DATA:
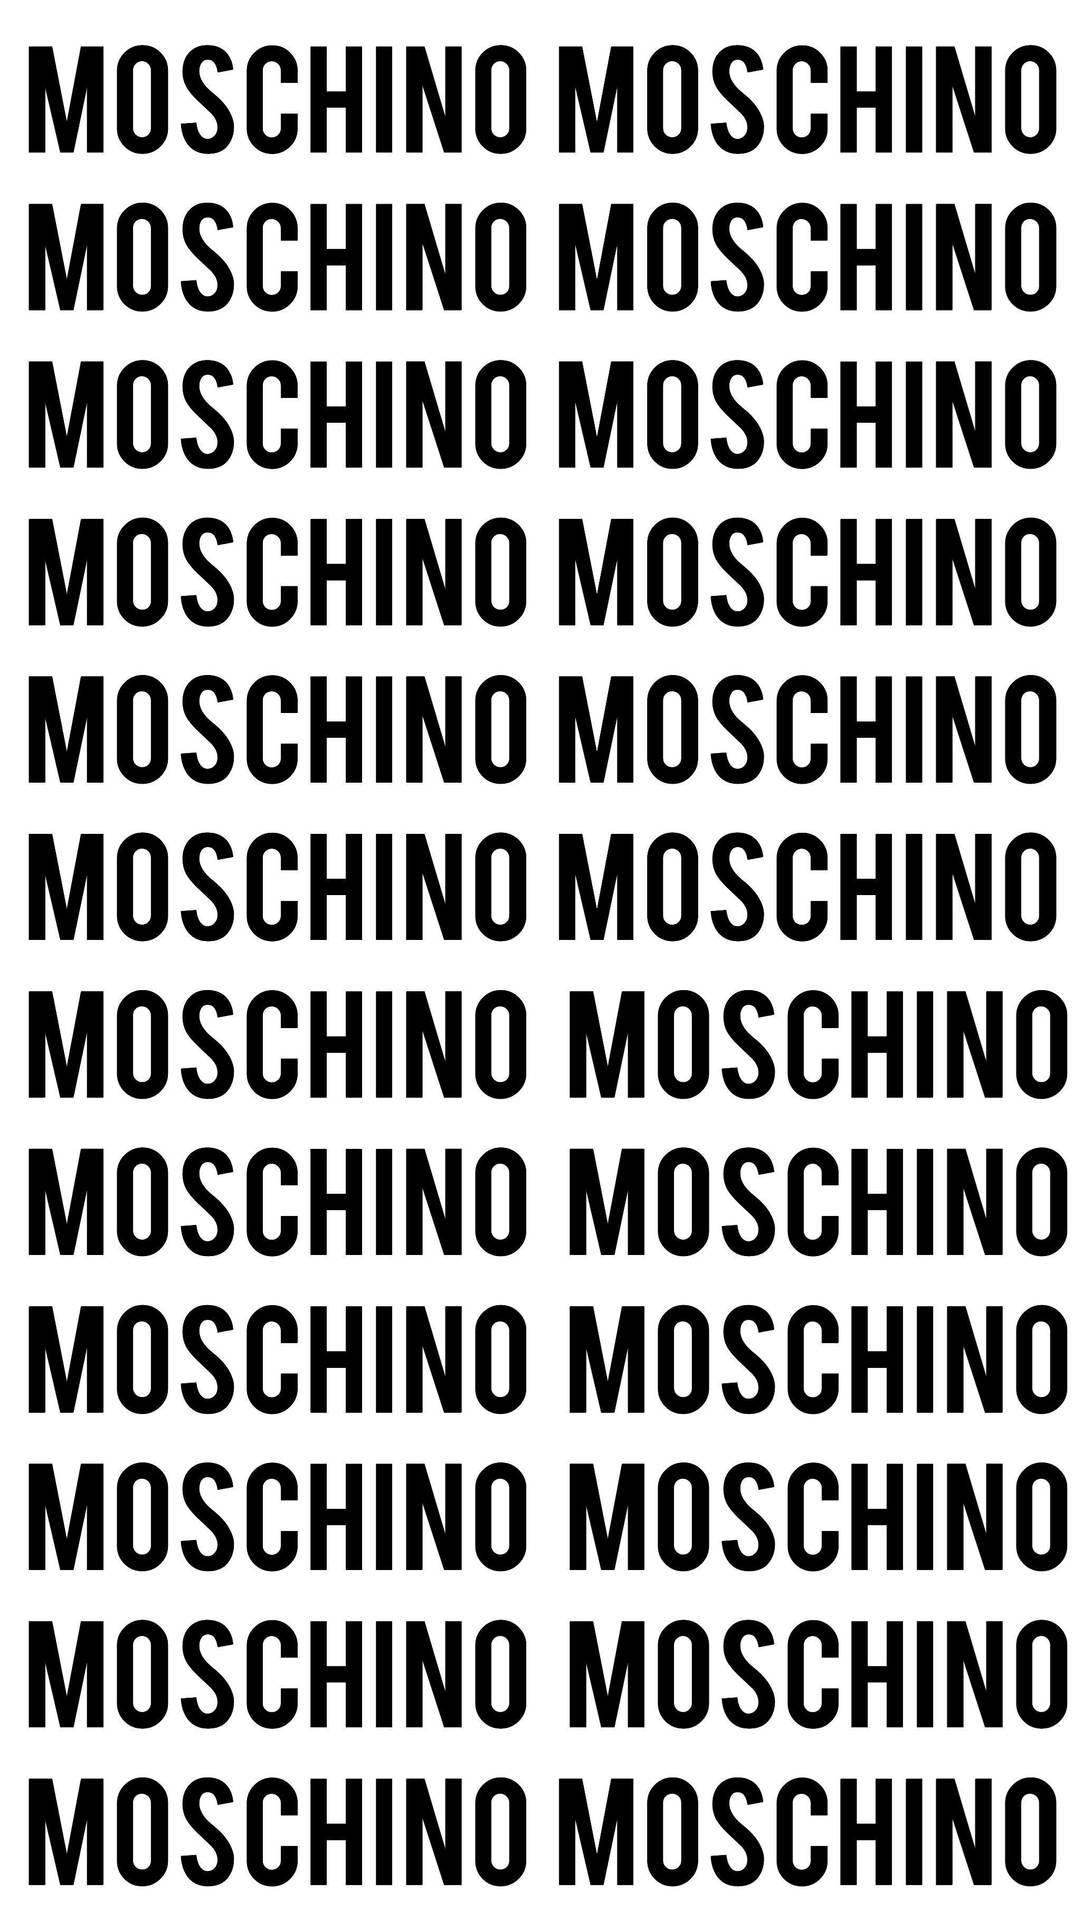 Download Simple Black And White Moschino Logo Wallpaper | Wallpapers.com
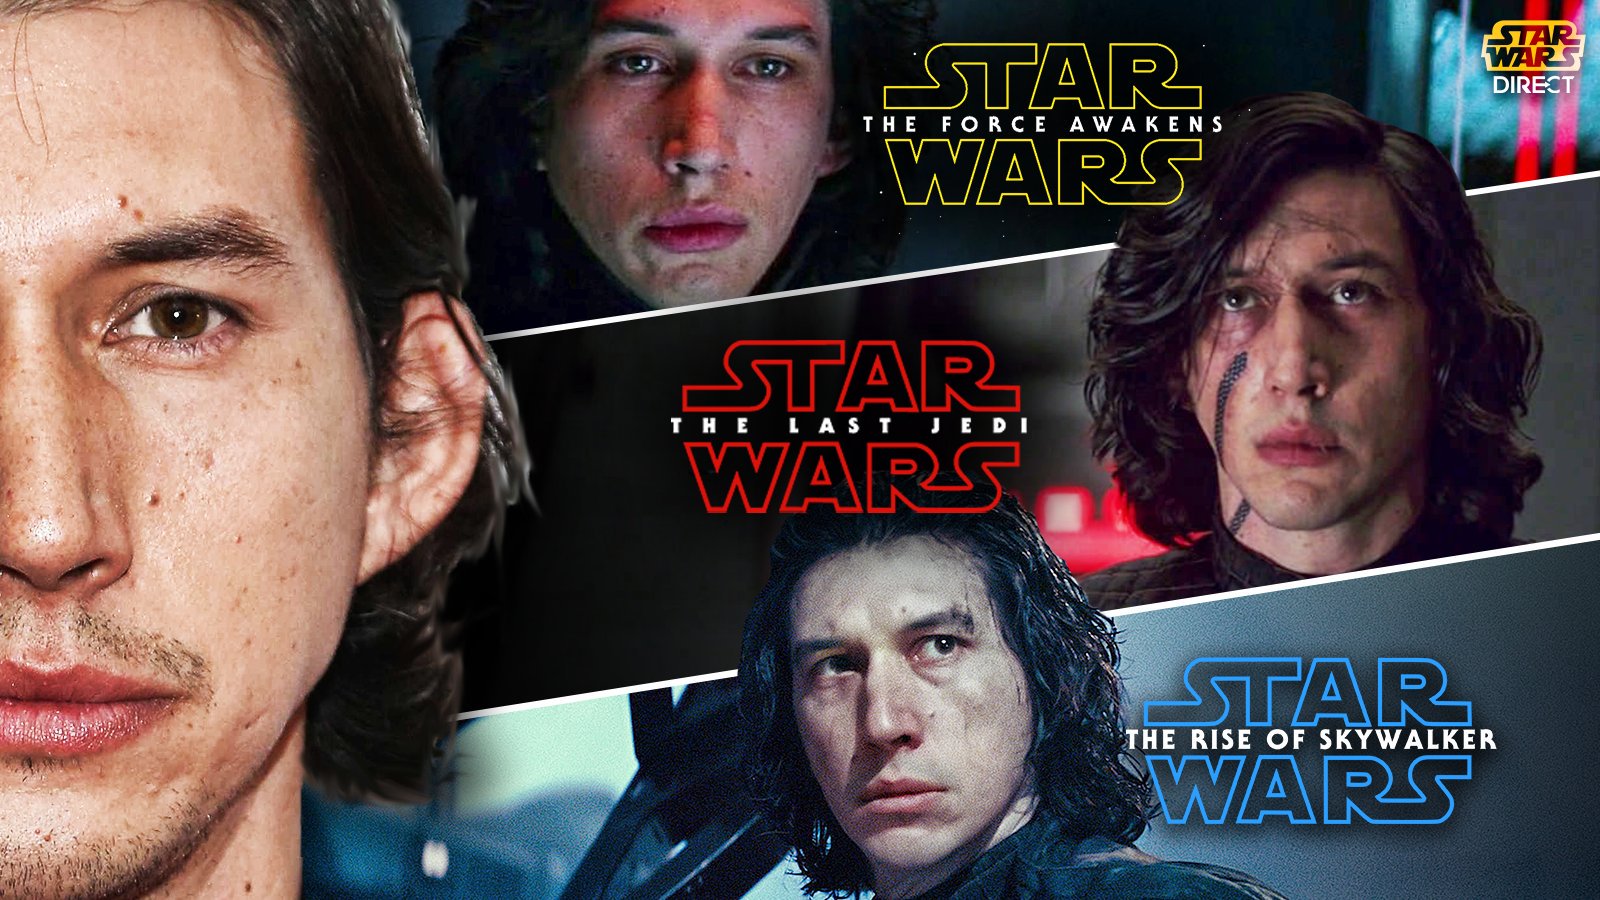 Wish a very happy birthday to Kylo Ren himself, actor Adam Driver, as he turns 36 years old today! 
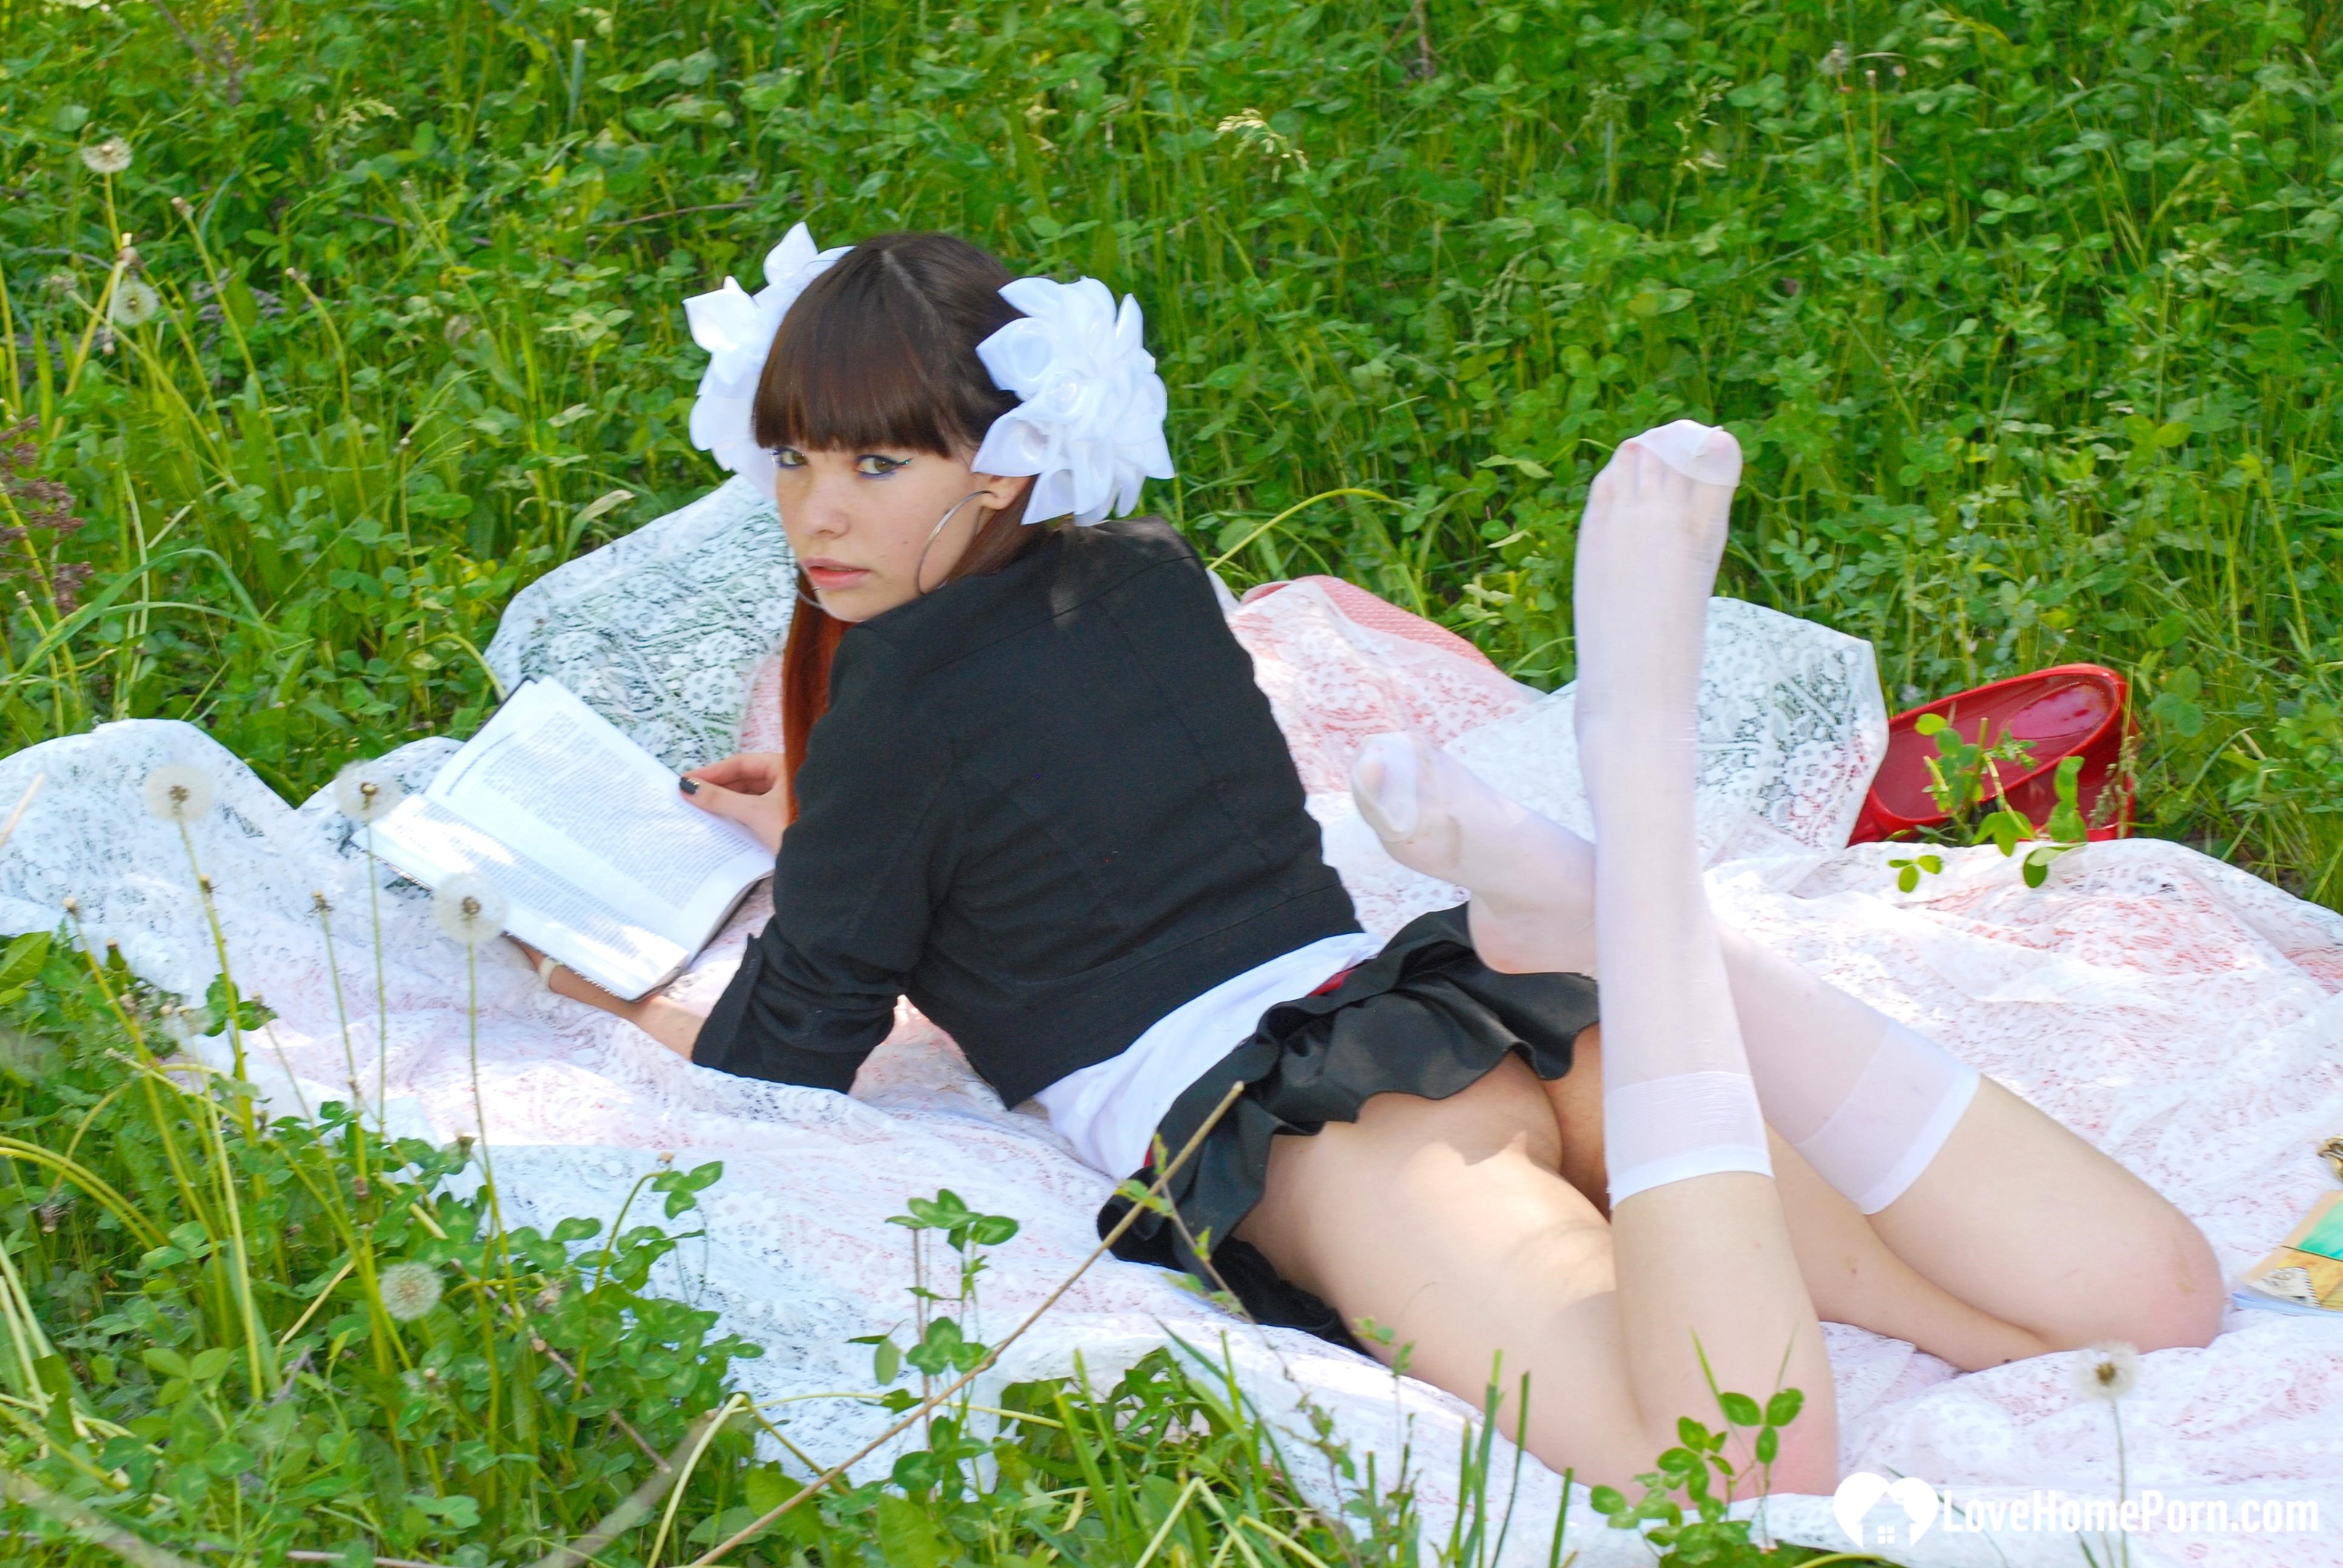 Schoolgirl turns a picnic into a teasing session
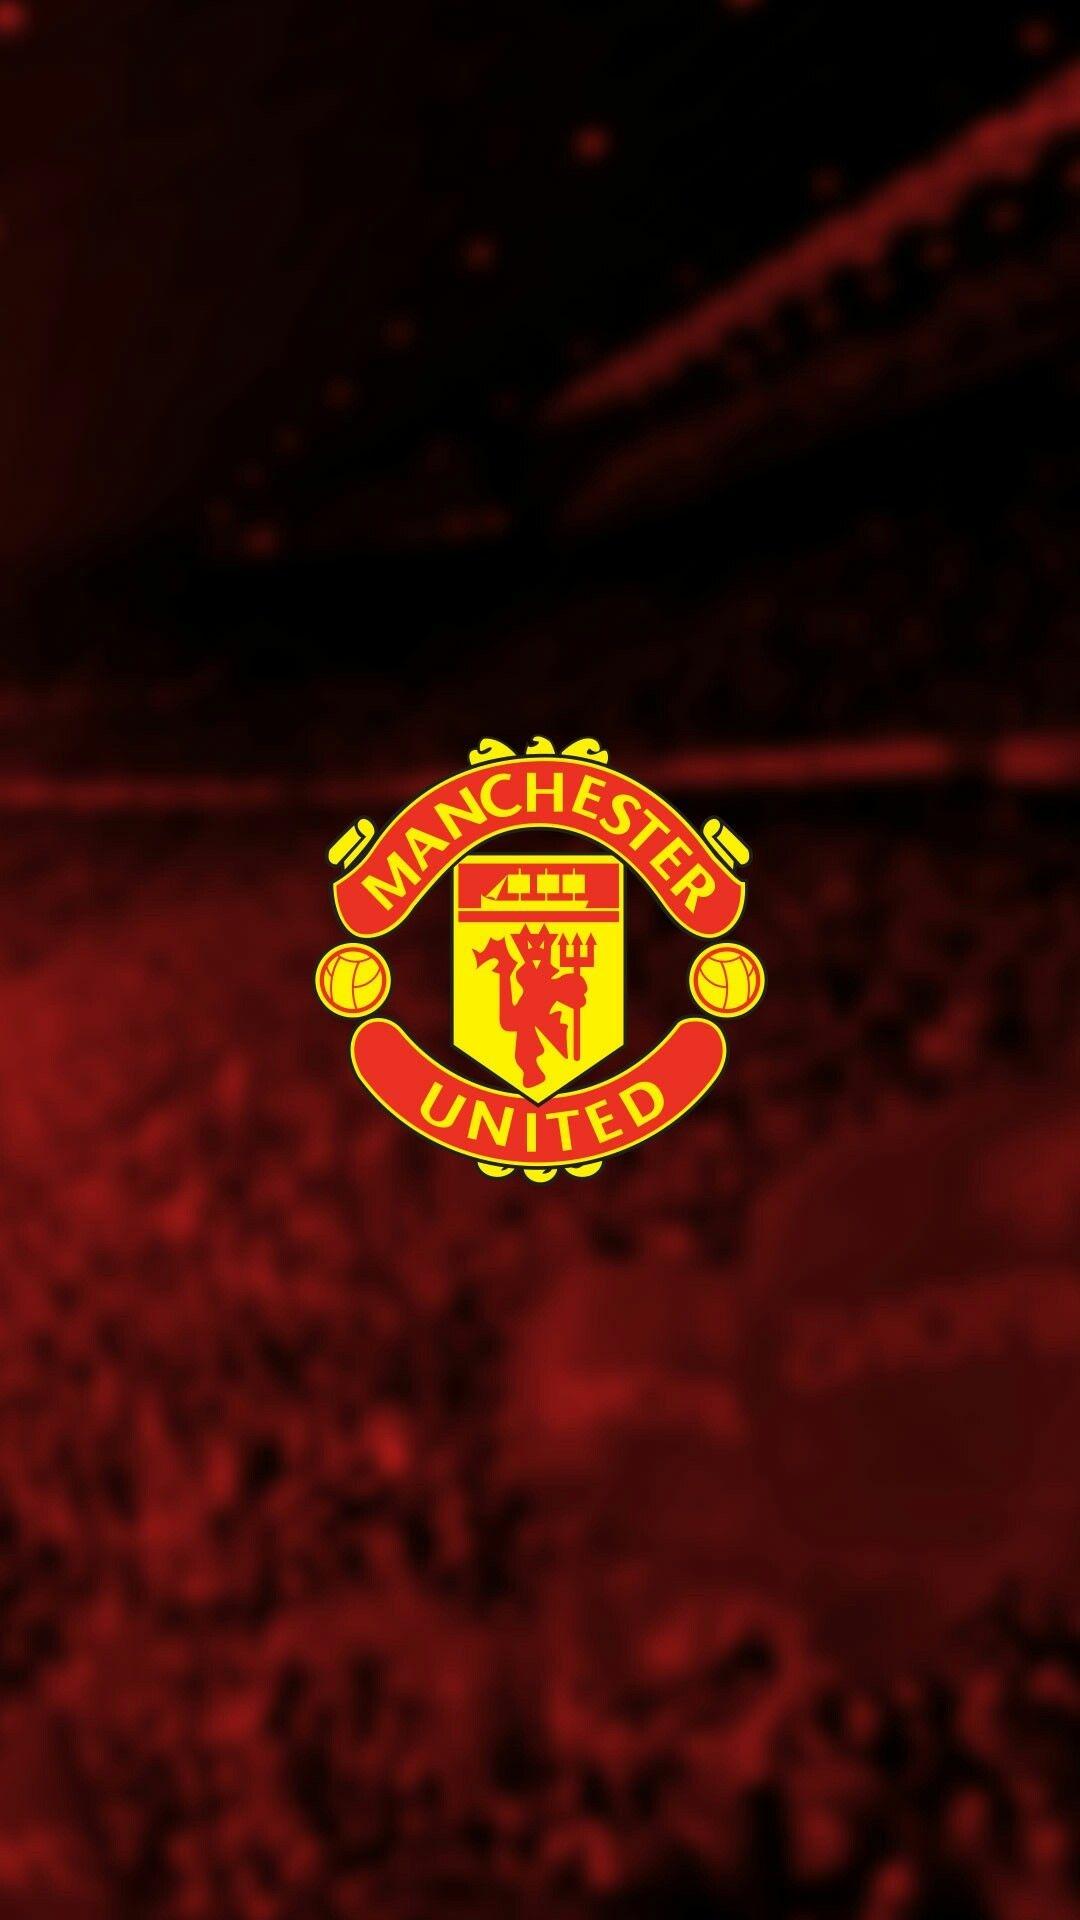 Inspirational Manchester United HD Wallpaper. Great

WHAT NEEDS TO BE DONE: With the pictures omitted, reproduce the data above exactly.

SOLUTION TO THIS TASK:
 Download Simple Black And White Moschino Logo Wallpaper | Wallpapers.com
 Wish a very happy birthday to Kylo Ren himself, actor Adam Driver, as he turns 36 years old today! 
 Schoolgirl turns a picnic into a teasing session
 Inspirational Manchester United HD Wallpaper. Great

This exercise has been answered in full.